Now Pel sits dwarfed by the voluminous layers of her blue satin dress. Devotees approach one by one, kneeling before her and kissing her hands as she variously moans, slaps her chest with open palms, stares intently out of milky blue eyes, and hugs her devotees tightly to a sweat-drenched bosom. Whether drunk or possessed or both, she doesn’t remotely resemble the Mãe Pel of a few days earlier. Though she has never learned to swim, Pel had said that, when possessed by Iemanjá, she descends far beneath the waves. “When I’m at the high sea, Iemanjá does what she wants with me.”

Left: Crowds gather to cheer on musicians, dancers, and practitioners of the martial art capoeira. Right: Baianas serve up traditional acarajé, or fradinho bean fritters.

Eventually a young man leads Pel from the shack and down to the water’s edge, where a group of fishermen help her wade out to one of their simple boats, her dress ballooning out around her. One of them lifts her bride-over-threshold style and deposits her on a boat bench. She waves her hands lazily in a way that may or may not be intended to signify goodbye, and disappears toward the horizon. Twenty-five minutes later, the boat resurfaces with a drenched, kerchief-less Pel, whose long, sodden hair clings halfway down her back. A fisherman and two women half-carry, half-drag the septuagenarian back across the sand, as her legs buckle beneath her. The crowd cheers for her safe return, for the wonder that is the ocean, and for another year of plenty, by the grace of her bounteous depths.

Bahian Palm Oil

Coastal Bahia is among the few places in the New World that’s home to dense natural stands of African oil palm trees. The kernels from the fruits, which were brought over on slave ships in the 16th century, eventually found their way into the ground. Locals still cook with the floral, saffron-red oil, and cultivate, harvest, and extract it manually in the tradition of their ancestors.

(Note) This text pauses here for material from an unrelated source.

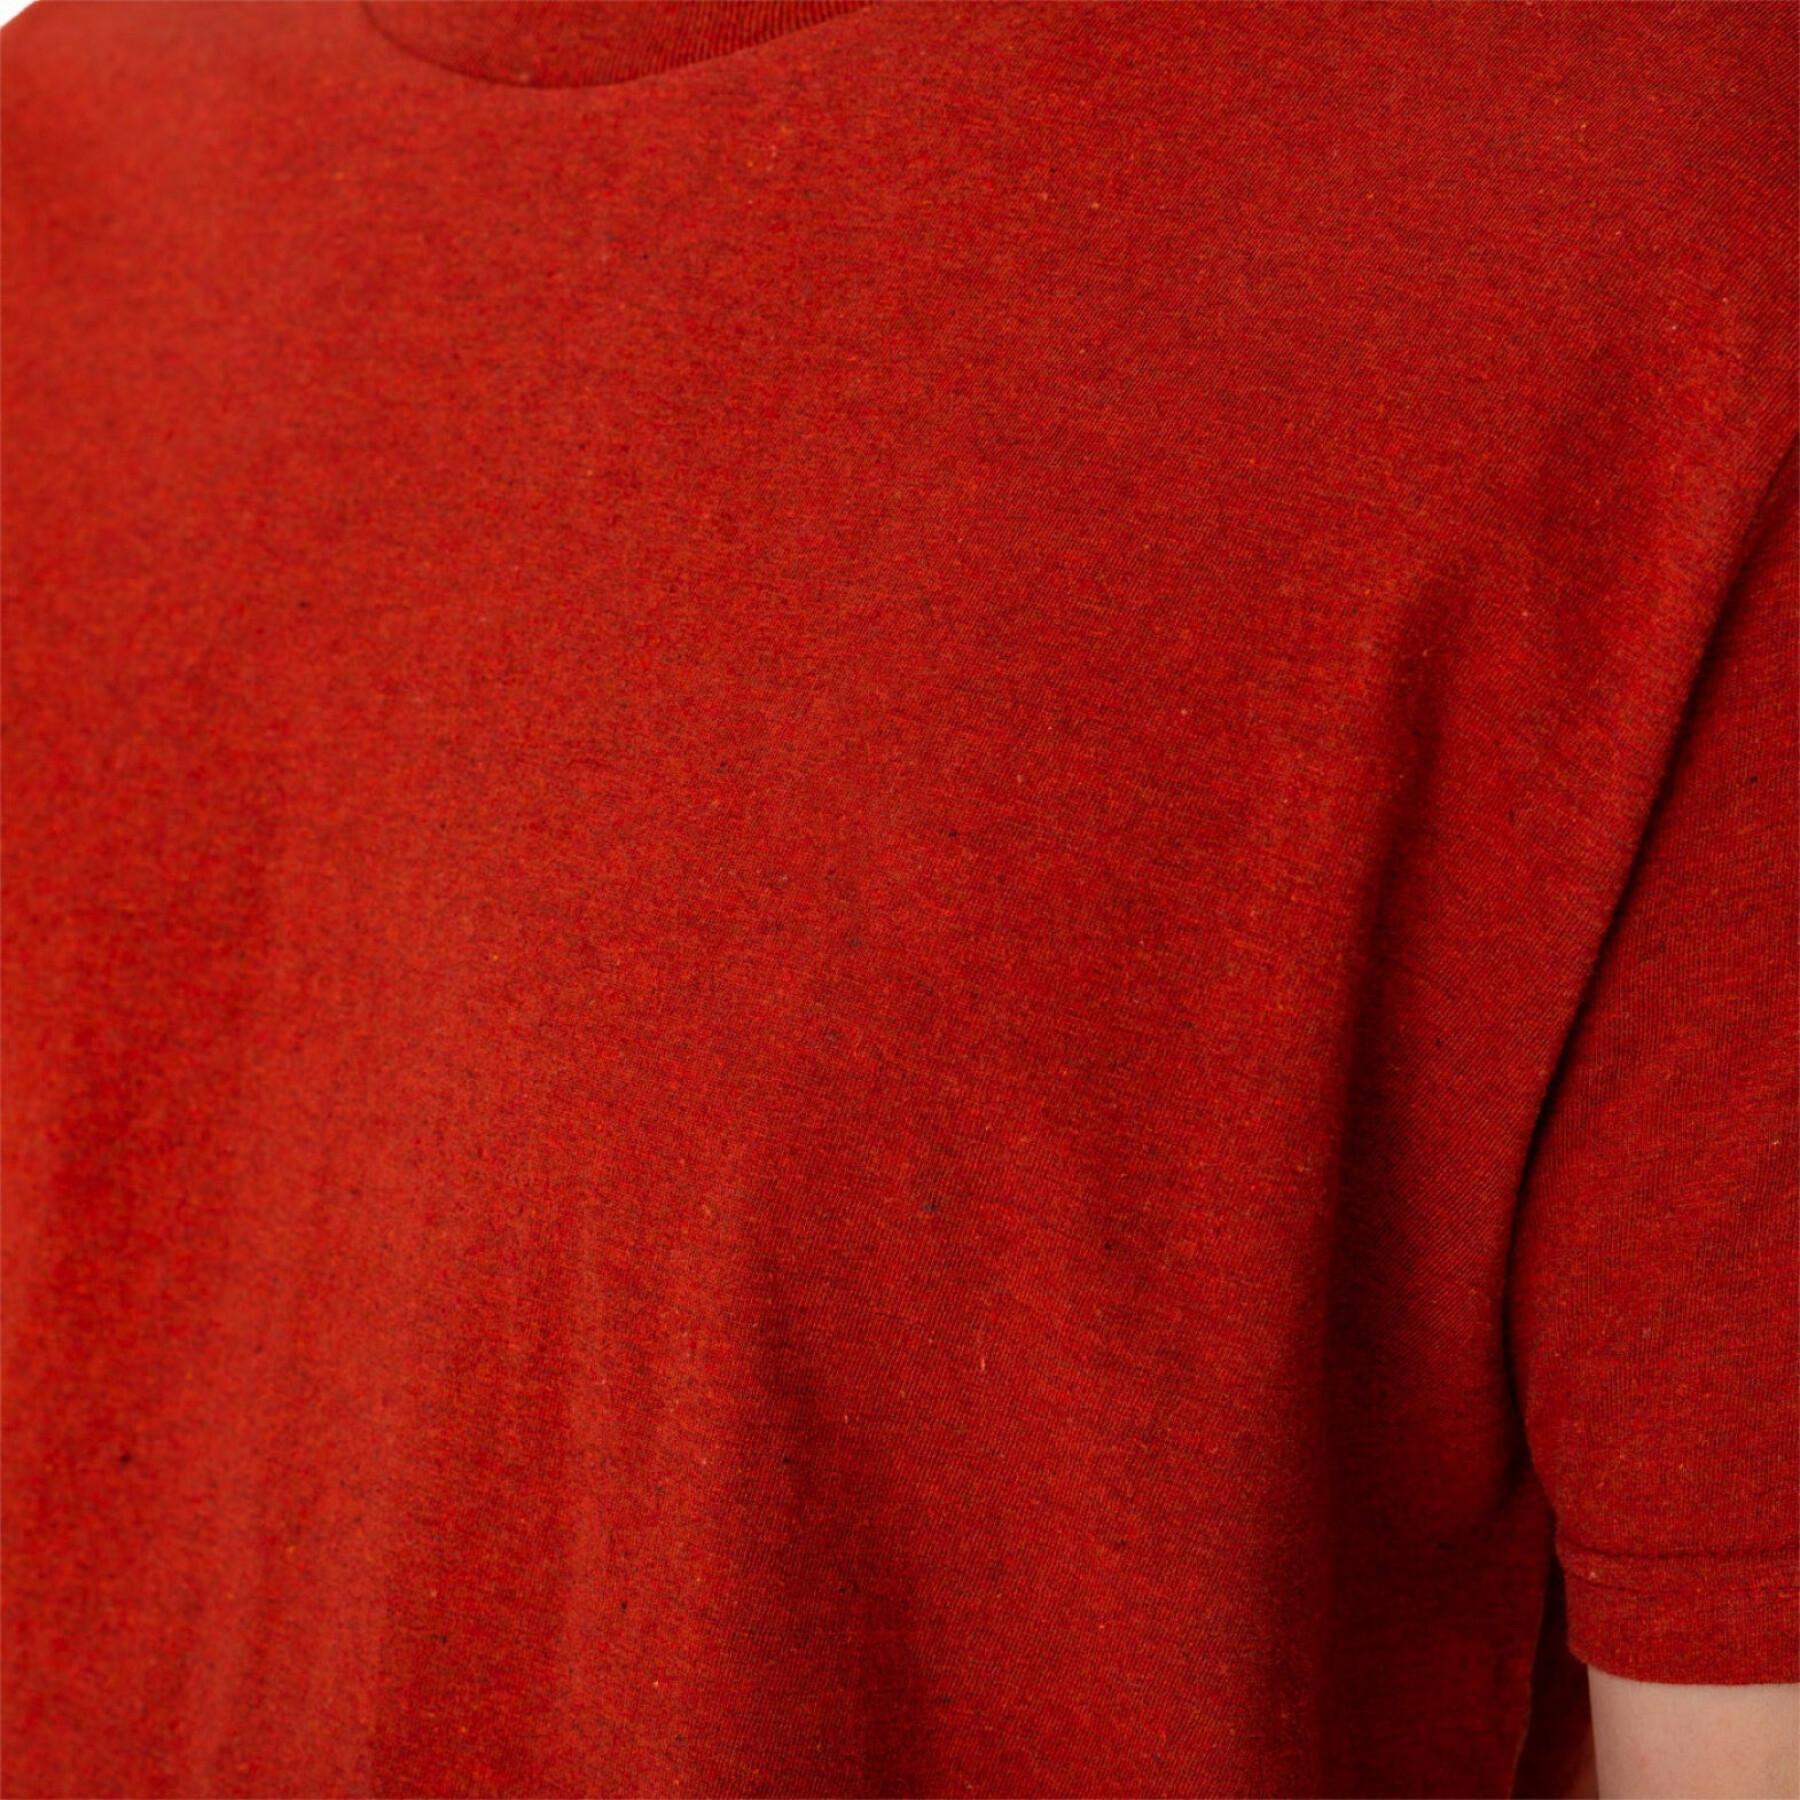 Camiseta de pescoço redondo Revolution
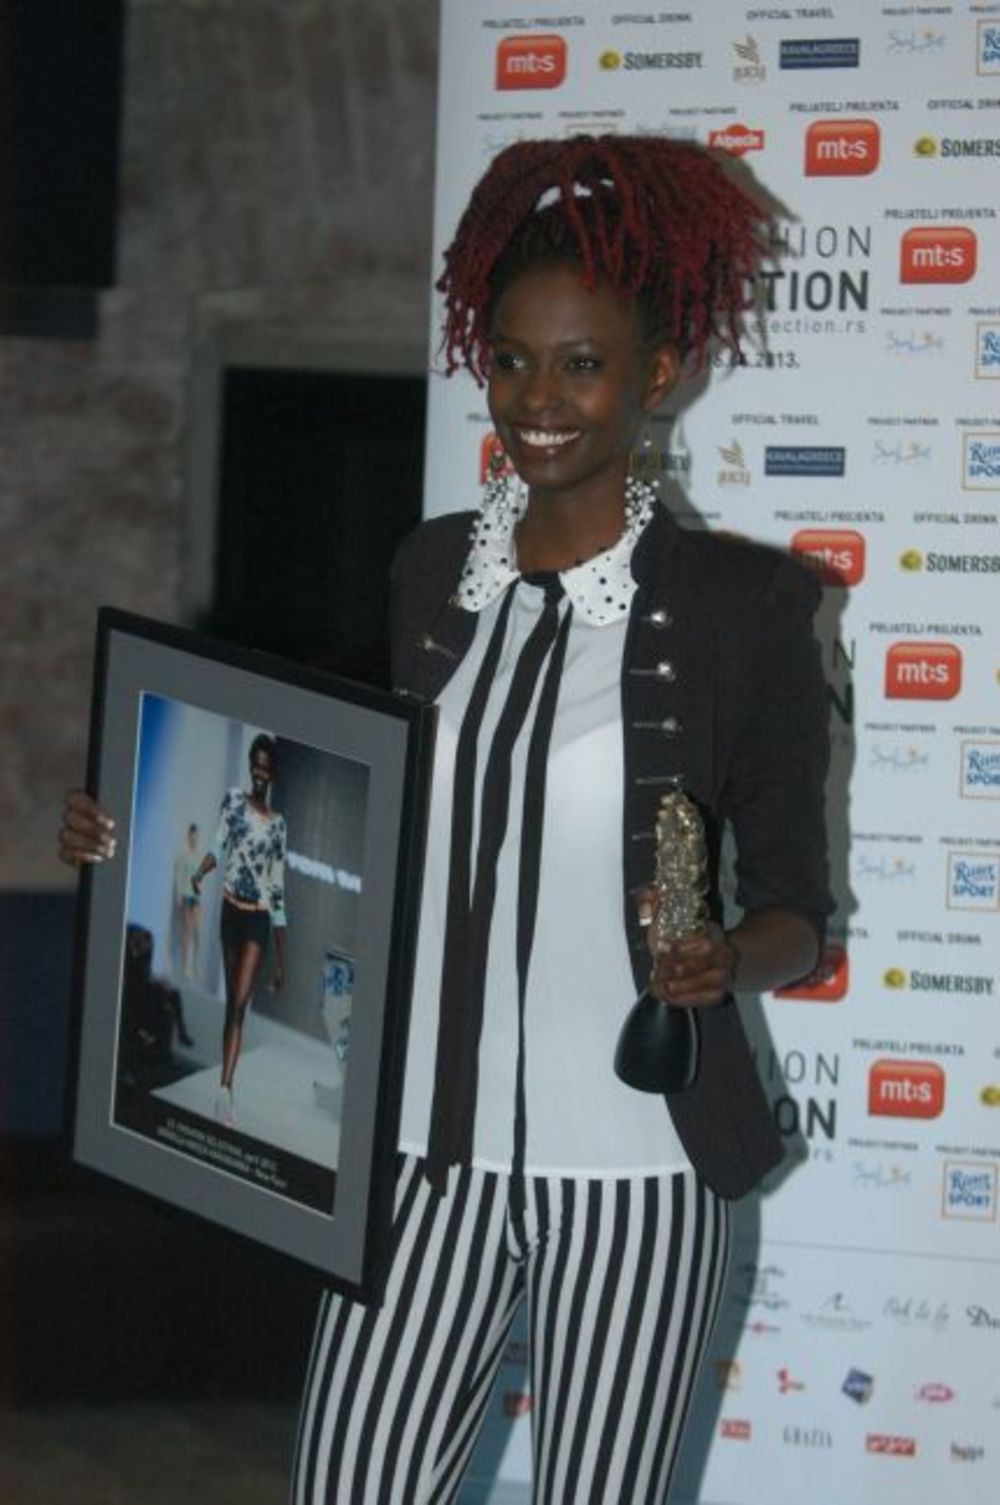 U klubu Krug održana je dodela nagrada 22. Fashion Selectiona. Nagrade, o kojima je odlučivao novinarski žiri, dodeljene su u čak 11 kategorija najboljima na upravo završenom 22. Fashion Selectionu.

Palm oil gets a bad rap because of the deforestation its production has caused elsewhere, but the artisanal oil used in Bahia is of a different sort. The biodiverse landscapes here—incorporating manioc and other crops close to the ground, and oil palm, mango, and other trees reaching for the sun—are a dramatic contrast to the oil-palm monocultures common across Indonesia and Malaysia (and, increasingly, Brazil and parts of Latin America). Consumed in its original form—as opposed to the refined, bleached stuff that makes its way into junk foods across the planet—this dendê is rich in flavor and in vitamins A and E. According to Alicio Charoth, a 57-year-old chef from Salvador, “It’s symbolic of the Bahian people and our culinary tradition—an example of resistance, and a break with those who colonized us.”